The Brixton developer abandoned its plans and sold the mall to Village Partners Inc. Newport Beach developer Village Partners purchased the property and announced their own redevelopment plans called "State Street Village" in 2020. Plans included 700 high end apartments and condominiums, more than 12,000 square feet of office space and 72,000 square feet of street retail. Rooftop bars, pedestrian paseos, and a structured parking site. A 23,000 square foot private plaza and public art arch with a connection to West State Street shops. The developer states the design and make up of State Street Village would mirror and incorporate design elements common to Redlands. Spanish, Mediterranean, 19th century Victorian and craftsman styles. Mostly mimic-ing the designs found east of the site, on east State Street. The local CVS store would move to a new purposely built building south of the mall site. By the start of 2022, the Dennys restaurant, a mattress store and a Union bank had already moved out of the mall lot.

In 2020, a group of residents led by former mayor Bill Cunningham expressed concerns about proposed redevelopment, focusing on building height restrictions and the impact of the under-construction Arrow rail line. This led to the introduction of ballot Measure F, which proposed limiting building heights near downtown train stations to three stories, with some exceptions near the University of Redlands. The measure was negotiated between the University of Redlands and the Redlands City Council, who argued that Measure F would preserve the city's historic charm while balancing the need for increased housing. However, some local leaders opposed the measure, citing concerns about addressing the California housing shortage. Critics of Measure F also raised potential legal challenges, suggesting it might violate state law SB 330 by downzoning land zoned for residential development. Ultimately, the measure faced opposition from two camps: those who supported higher density development, and original petitioners who felt it didn't limit density enough. Measure F was defeated in November 2022, with a majority voting against the proposed restrictions.
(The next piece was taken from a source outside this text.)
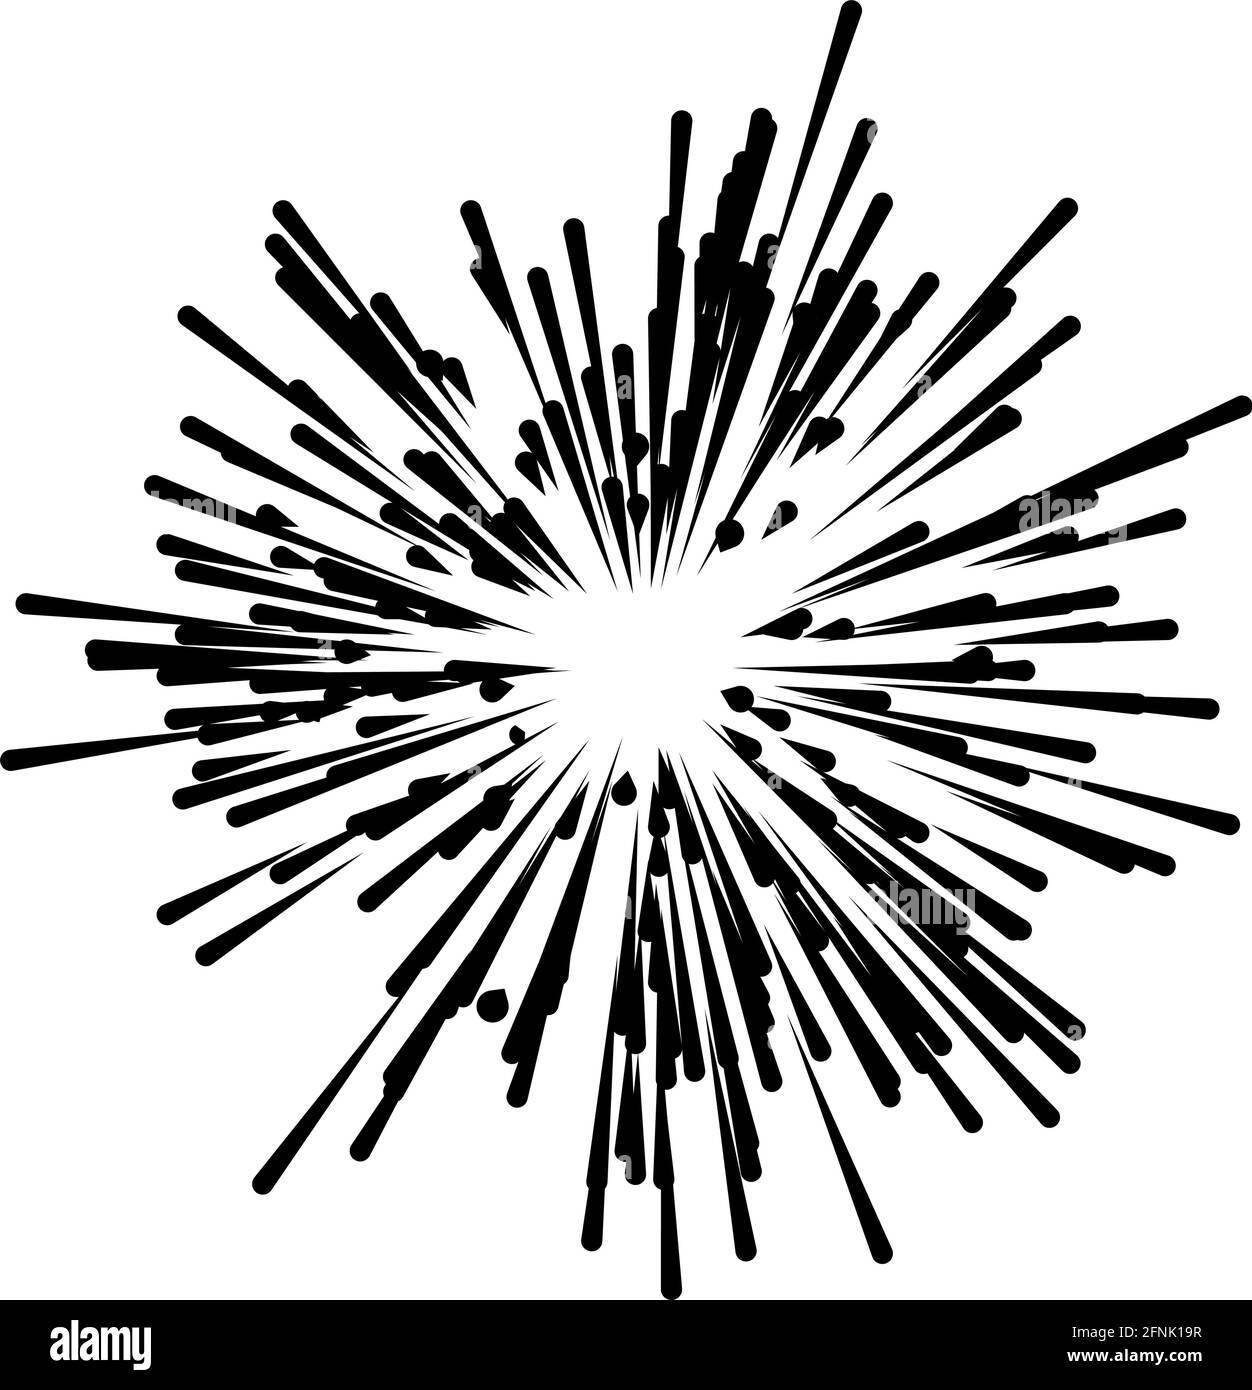 Radiale, strahlende Linien Strahlen, Strahlen. Zufällige Linien divergieren – Vektorgrafik, Clip-Art-Grafiken Stock Vektor

In May 2022 the Redlands City Council and the Planning Commission approved Village Partners plans, renamed the development "State Street Village". Village Partners stated they do not plan to go over three to four stories anyways and respect the downtown Redlands design elements to its Transit Oriented Development plans. Village Partners has stated demolition and construction would commence in the summer of 2023.

=== Delays and Sale, Again===
County filings in early 2025 revealed Village Partners Inc. had defaulted on its business loans and the Redlands Mall property was scheduled for public auction, postponing the development. When local media reported the defaults, Village Partner inc, released a statement stating they are reevaluating their timeline for construction and working with its lender, Hankey Capital LLC to avoid the foreclosure sale. Village Partners Inc. requested postponement of the auction multiple times up until May 1st, 2025. By May 6th, 2025, Hankey Capital withdrew the foreclosure sale and canceled the auction per public records. Per filed title records, the loan was restructured and Village Partners was allowed to keep ownership of the mall site with new loan conditions, although the State Street Village development had remained uncertain as Village Partners was granted five years by Hankey Capital to break ground. Village Partners Inc. spokesperson last commented in February 2025 stating minor refinements were being made to State Street Village but emphasized that "the overall vision would remain intact and that updates would be shared publicly in the coming months".

By the end of 2025, Village Partners Inc. sold the mall site to Town Square Development LLC, owned by local billionaire Jack Dangermond for $16 million. A spokesperson for Dangermond stated “There are no specific plans yet, but the goal is to move reasonably quickly....”. Demolition of the mall site was announced, work began the week of March 16, 2026.